- Exercise data:
[Start of section]

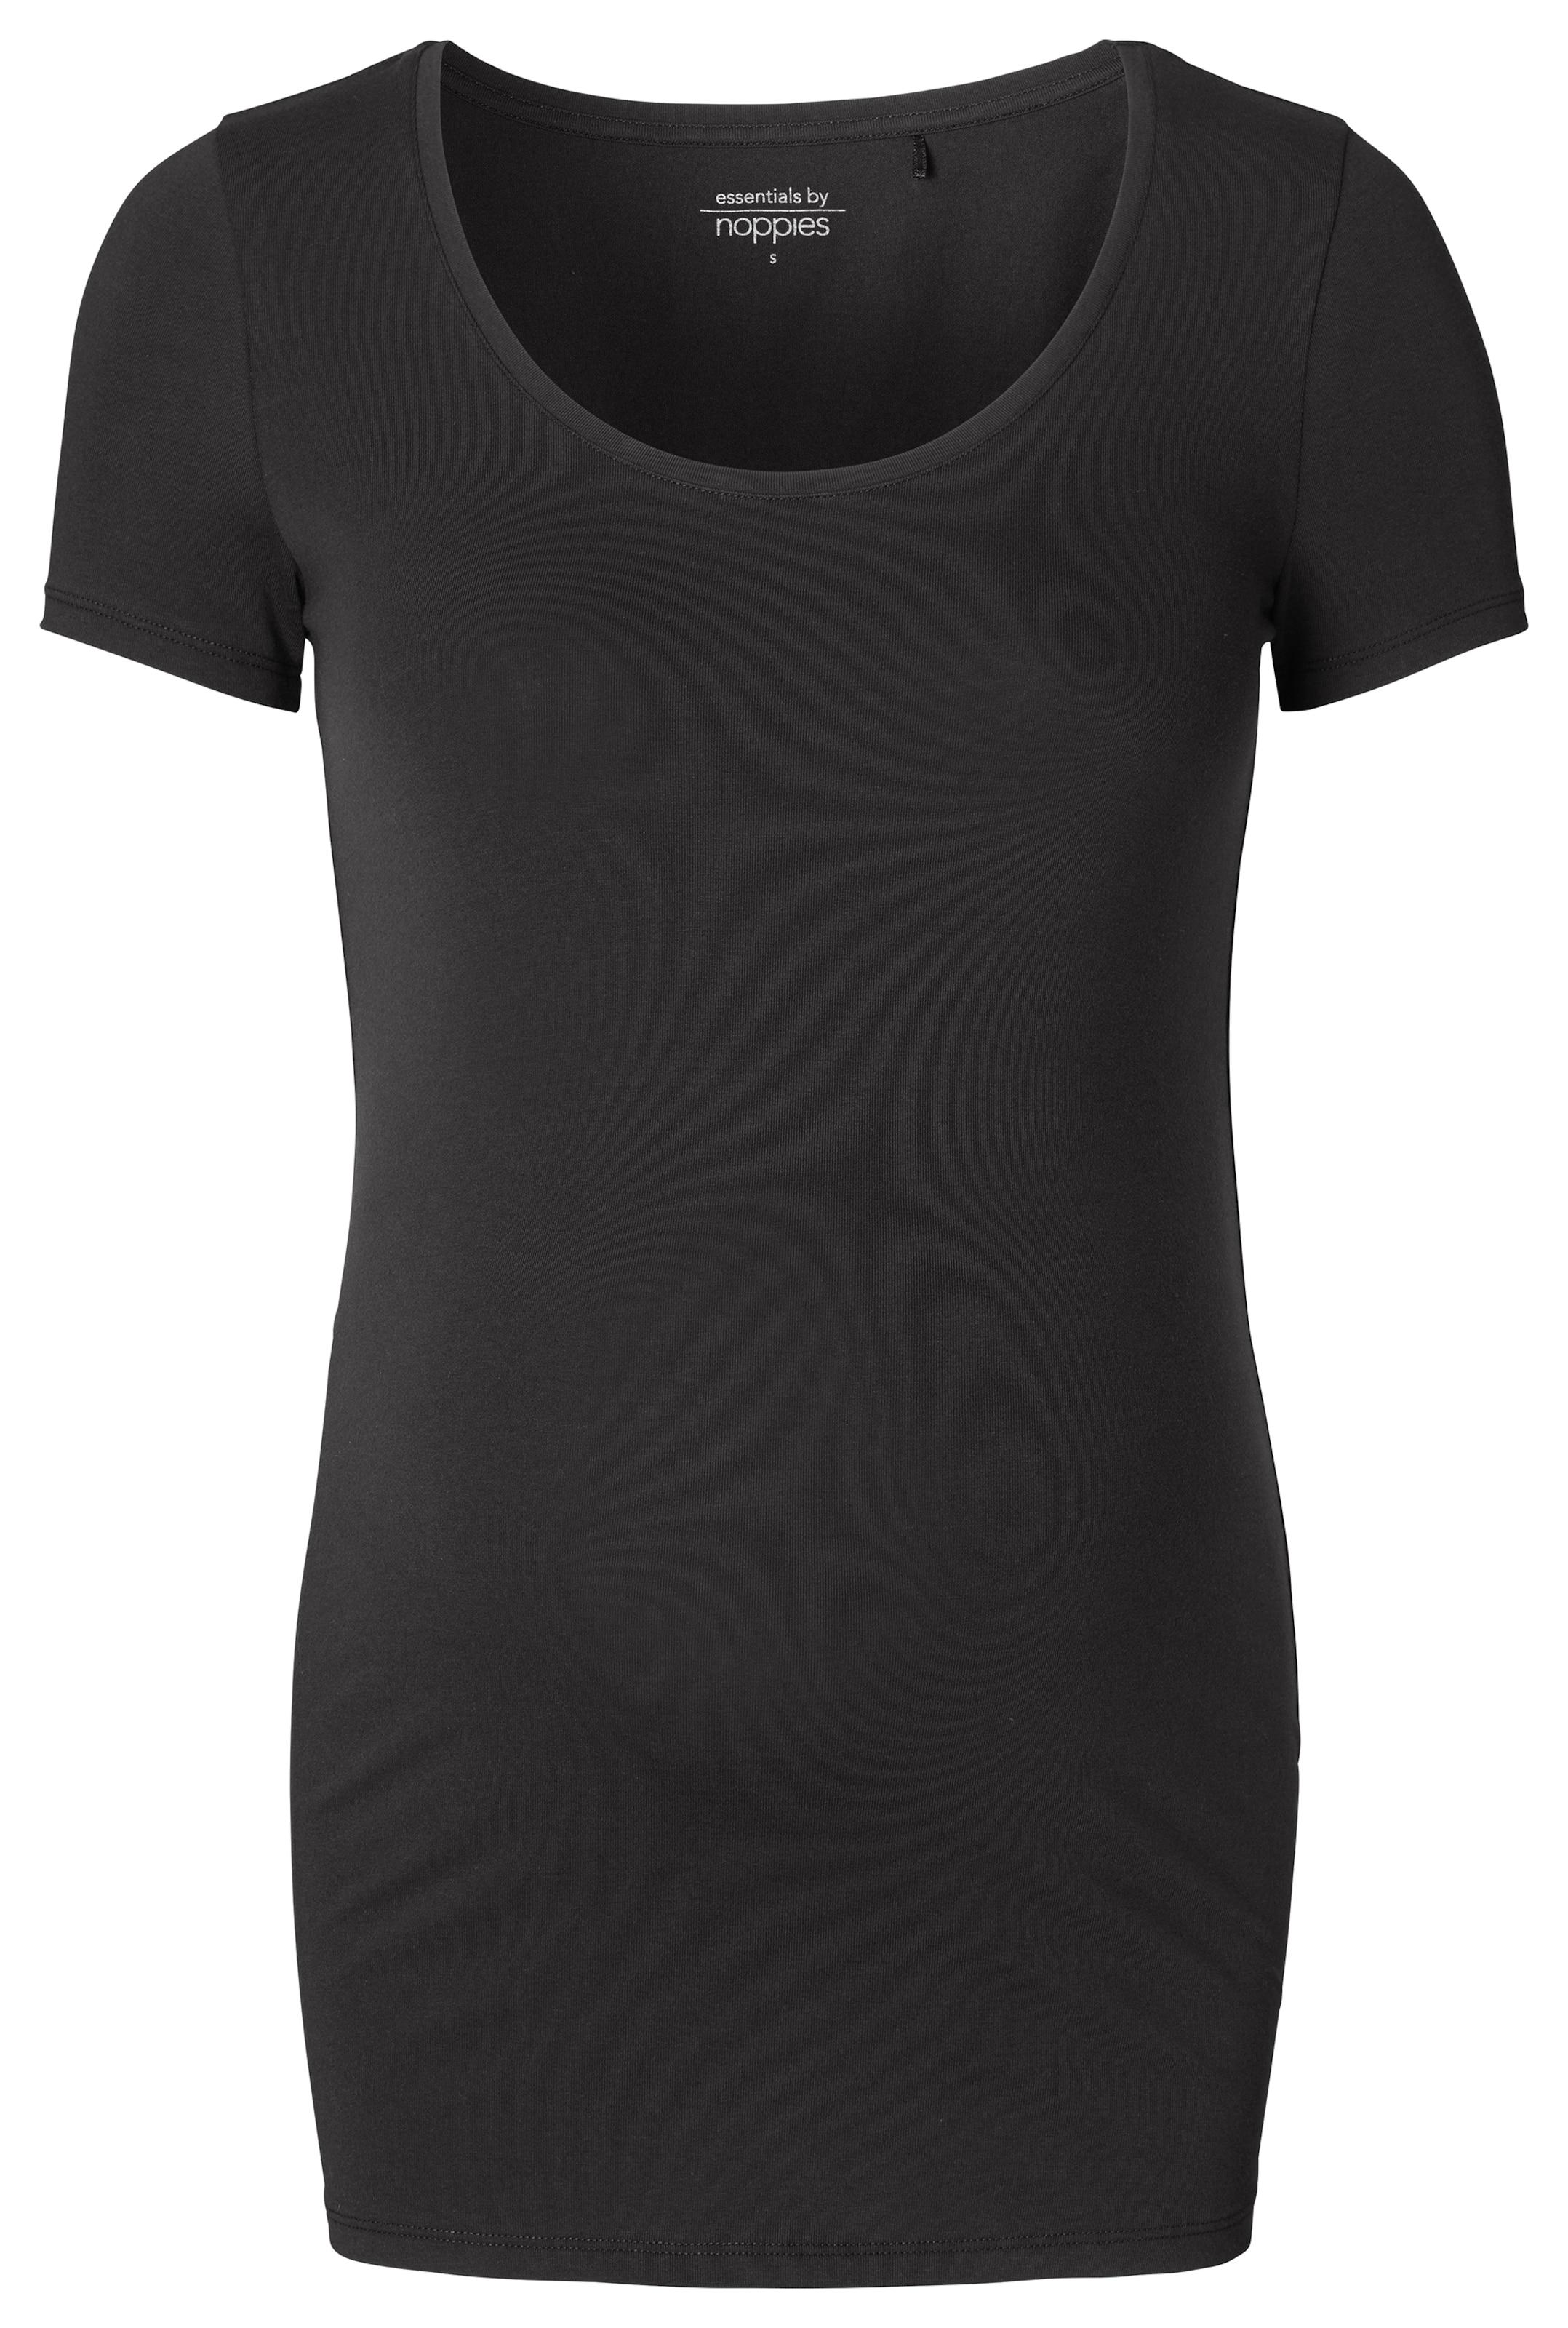 Noppies T-shirt Amsterdam Kaufen Billig Großhandelspreis Sehr Billig Günstig Online Beliebt Günstiger Preis 63Hv7Zqf1
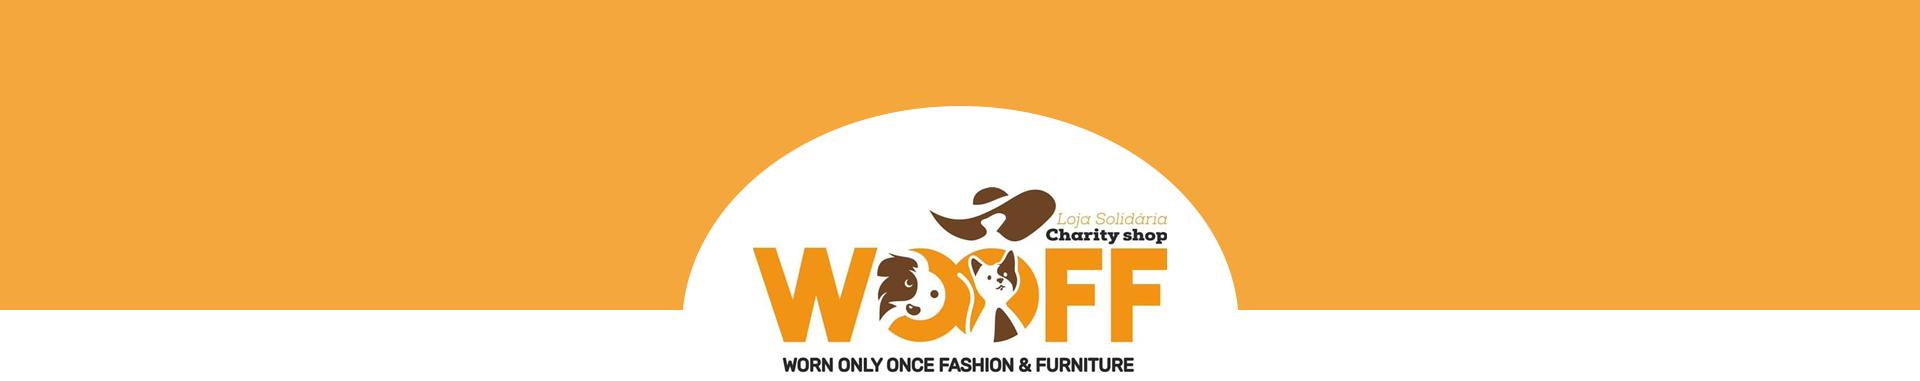 WOOFF Charity Shop-3
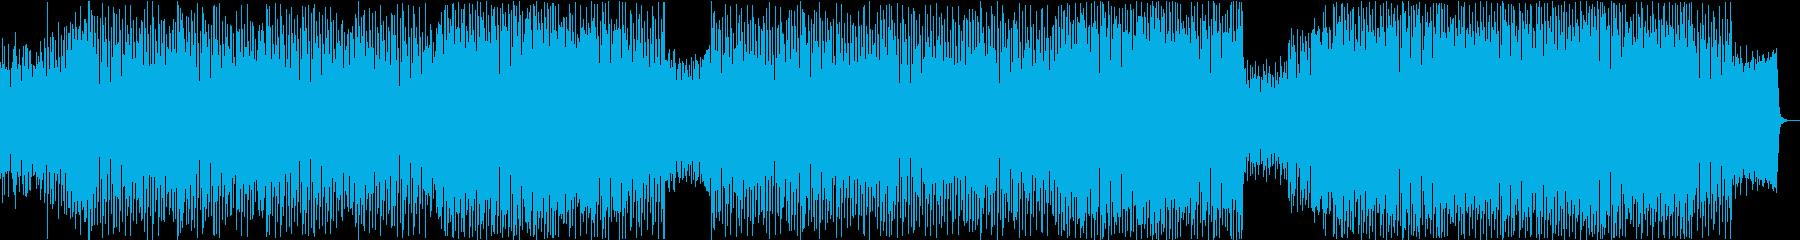 未来っぽさを感じるエレクトロポップの再生済みの波形
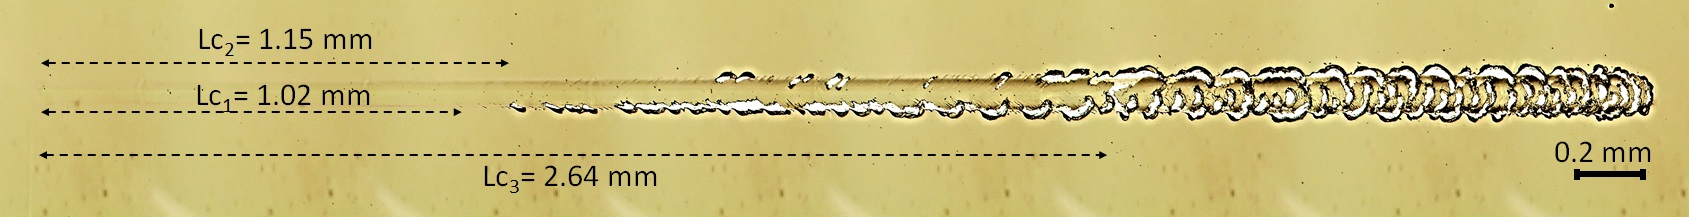 Figure 4-Mar-26-2021-06-51-49-67-PM
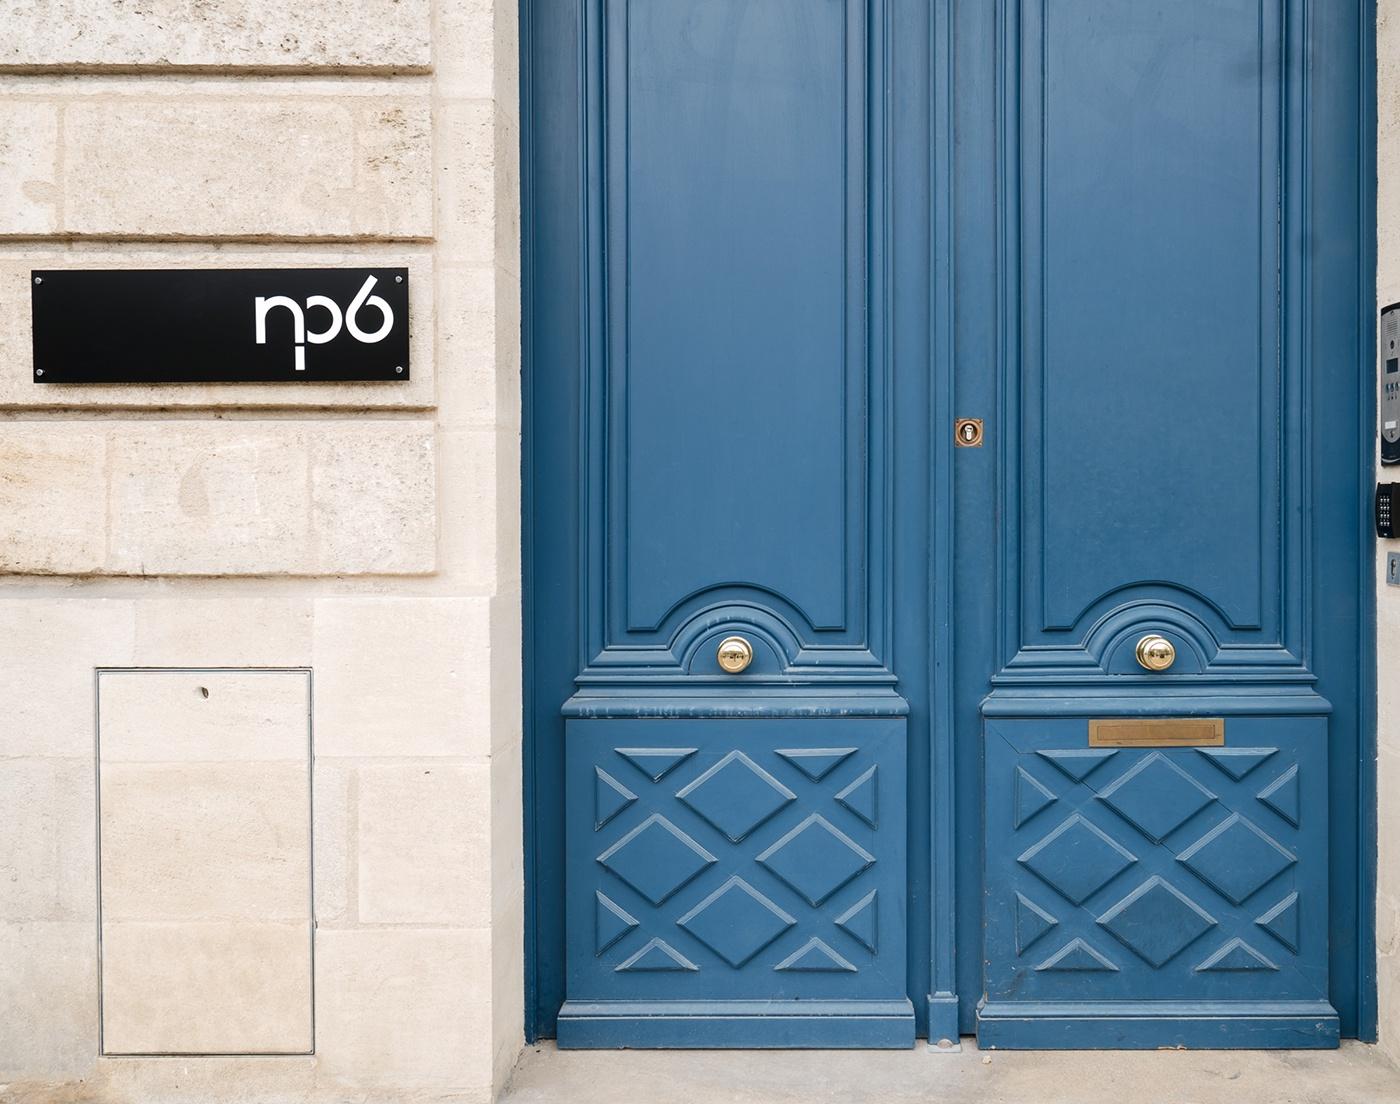 Technology digital marketing   Startup france Paris Bordeaux tech

[End of section]

- About this task: All entries must be output exactly as they stand, and every picture must be left out.

- Written response:
 Noppies T-shirt Amsterdam Kaufen Billig Großhandelspreis Sehr Billig Günstig Online Beliebt Günstiger Preis 63Hv7Zqf1
 WOOFF Charity Shop-3
 未来っぽさを感じるエレクトロポップの再生済みの波形
 Figure 4-Mar-26-2021-06-51-49-67-PM
 Technology digital marketing   Startup france Paris Bordeaux tech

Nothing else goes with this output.